Listener No 4504, Milky: A Setter’s Blog by Malva
Posted by Listen With Others on 17 Jun 2018
I dare say a good many solvers will view Milky as lowering the 2018 standard a notch or seven, but I’ll always remember it as the first and only time I’ve actually seen someone doing one of my crosswords.
We were down in Cornwall and we’d done the Two Valleys Walk from St Neot, which takes you across the edge of the moor, along the River Fowey and, in our case, through a field of belligerent bullocks who mirrored our every move in a strange cross-species version of one of those elegantly soporific dances they have in Pride and Prejudice and resolutely refused to let us anywhere near the stile we needed to use. It added about 40 minutes to the walk, but eventually we got back to the pub and took our drinks out to the courtyard at the back. There were only a couple of people there – a woman hoovering up a seafood platter the size of the Isle of Wight and a middle-aged bloke wearing a ZZ Top T-shirt. And, lo and behold, he had The Times on the table in front of him and was pulling intently on an e-cigarette while flicking away half-eaten prawns that had escaped from his companion’s fork.
“Ah … you do the Listener, then?” I said and he looked at me as though I’d just accused him of something really shameful and offensive.
“Sometimes,” he said defensively and the platter gobbler paused over a winkle and added,
“He does it every week. With a fountain pen.”
“Keeps the old noddle ship-shape,” he said. “Most weeks, anyway.” A sliver of whiting landed on the preamble. “This bloke, though,” and he pointed at my name “he’s not really up to it. They’re all about birds. Sparrows … and stuff. Not that I’ve got anything against birds.”
“Per se,” added the platter cleaner.
“Avoirdupois,” he said and they giggled gleefully at what I assumed was some arcane private joke.
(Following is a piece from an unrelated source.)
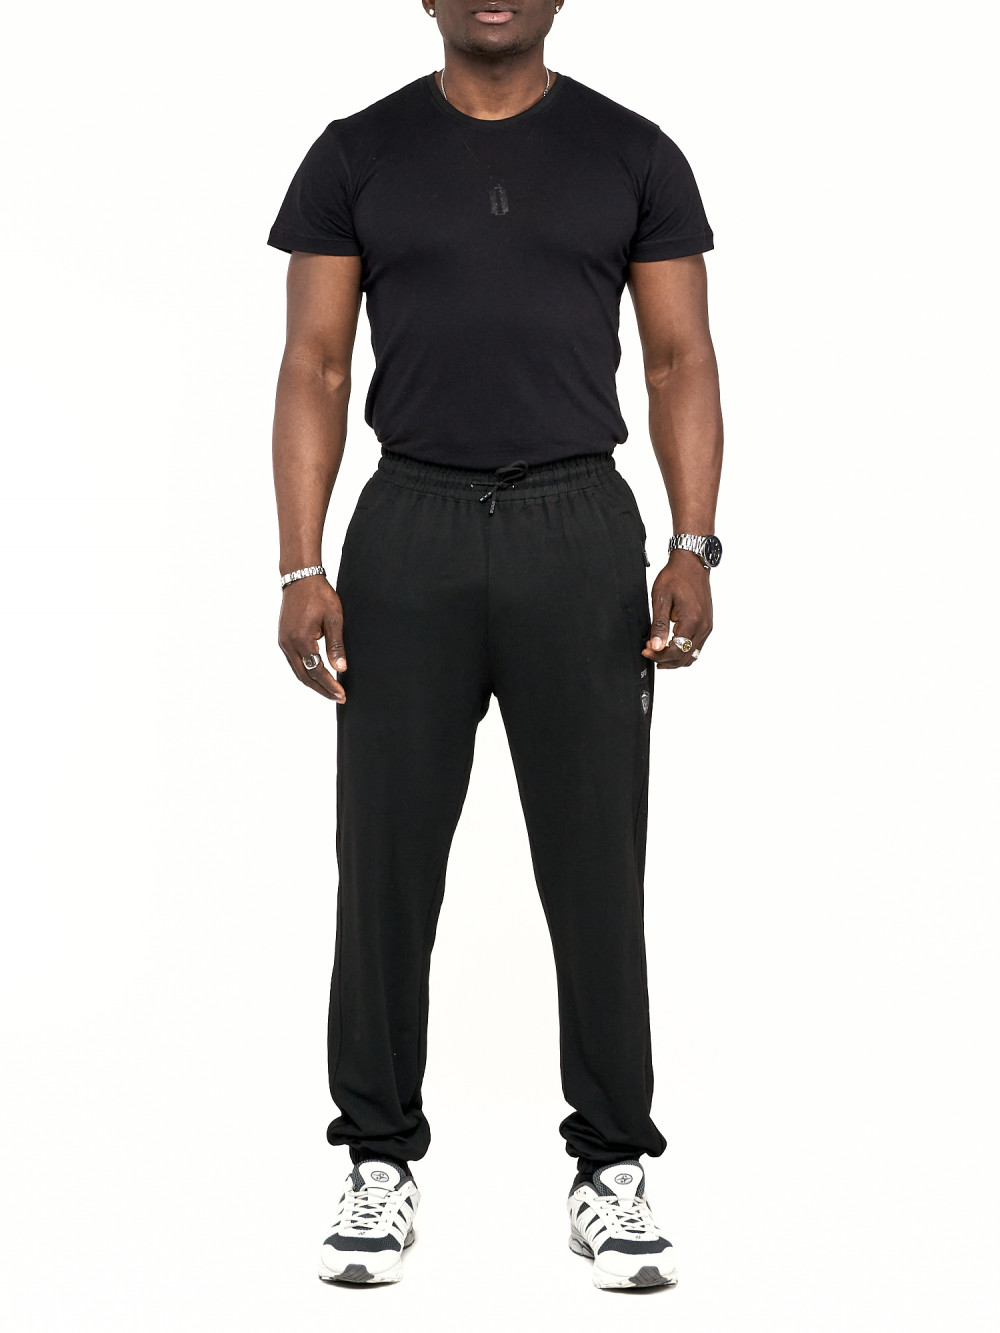 Спортивные брюки мужские NoBrand AD006 черные 54 RU

Thankfully though, their moment of merriment gave us the chance to skedaddle to the furthest corner of the courtyard, but no sooner had we sat down than The Times dropped onto our table and the bloke said,
“You can finish it if you like,” and just to confuse matters, he also handed me what was left of the seafood platter, which was a puddle of pink gloop, two slices of radish and a microdot of crab.
I didn’t eat any of it. I didn’t check his answers either. But we did see a dipper at Golitha Falls.